Please, God, a quick end. Please stop this agony
. She relished the thought of ending this torture and if she could find her voice, would thank the woman for killing her.

But the sword silently cut her bindings and without the support of the ropes, Juliana collapsed onto the deck, not caring that dozens of men were leaning forward, staring at her as if they’d just pulled an alien from the ocean. A wet sticky substance covered the front of her and she realized with sick certainty that she was lying in a pool of her own blood.

Hands touched her arm and with a cry, Juliana shrank from them.

“It’s all right,” the lady whispered in her ear. “No one else will hurt you.”

She let the woman help her stand. Immediately her world went dark. Her stomach heaved and she threw up all over the deck. The woman held her gently, waiting for the spasms to abate. She began to shiver even though the wind was balmy, almost hot.

Hot wind.

Come inside, sweetheart. It’s too cold to talk out here.

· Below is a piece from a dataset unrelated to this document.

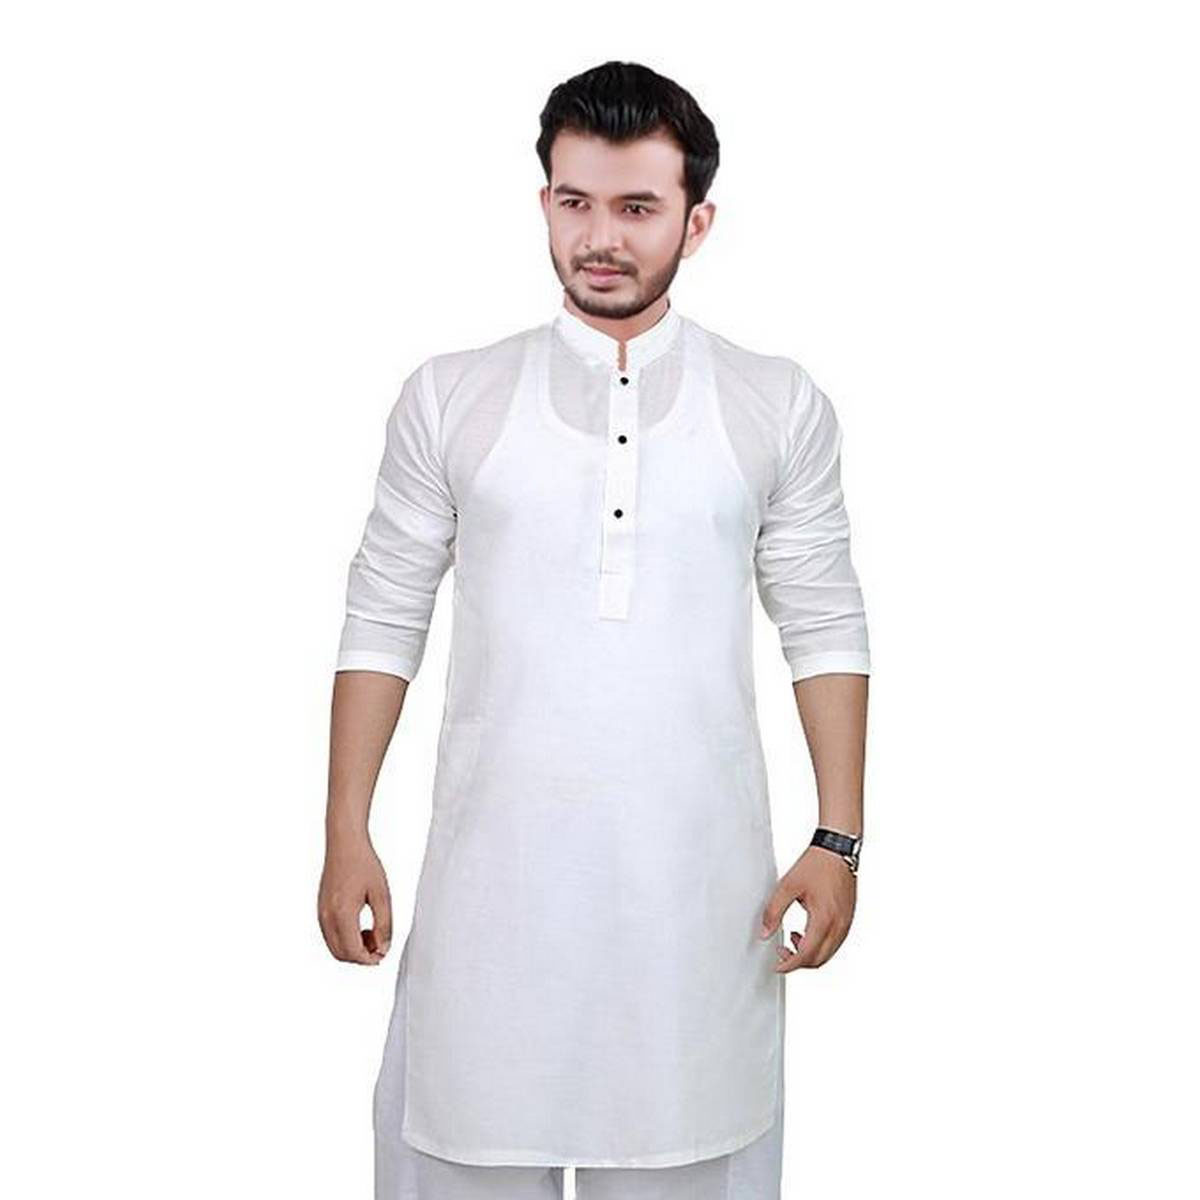 সাদা পাঞ্জাবি ডিজাইন - white panjabi design - কালারফুল পাঞ্জাবি ডিজাইন - Colorful Punjabi Designs - NeotericIT.com

Emily Langtree. Zach’s mom had said that when Juliana visited. It’d been cold. And now it was hot.

Slowly she straightened. The skin on her back screamed in agony, causing her stomach to churn even more but blessedly she didn’t throw up again. Her vision faded and all she concentrated on was standing upright.

“Give me your shirt,” the woman said to Thomas.

“My shirt?”

“Your shirt, damn it.”

Thomas yanked his shirt over his head. Carefully the woman pulled it over Juliana, covering her bloody back and exposed breasts. Juliana whimpered. Every sigh of the wind, every dip of the ship on the ocean, every muscle twitch added to her misery until there was nothing but pain.

She wished the woman would put her out of her misery. Her rescuer turned to the unruly mob who now watched silently. “Back to work,” she barked out, and the frightening men scrambled away.

 

Morgan sat at his desk with his sextant and map in front of him. He needed to chart their course to London, but his mind kept wandering to the past.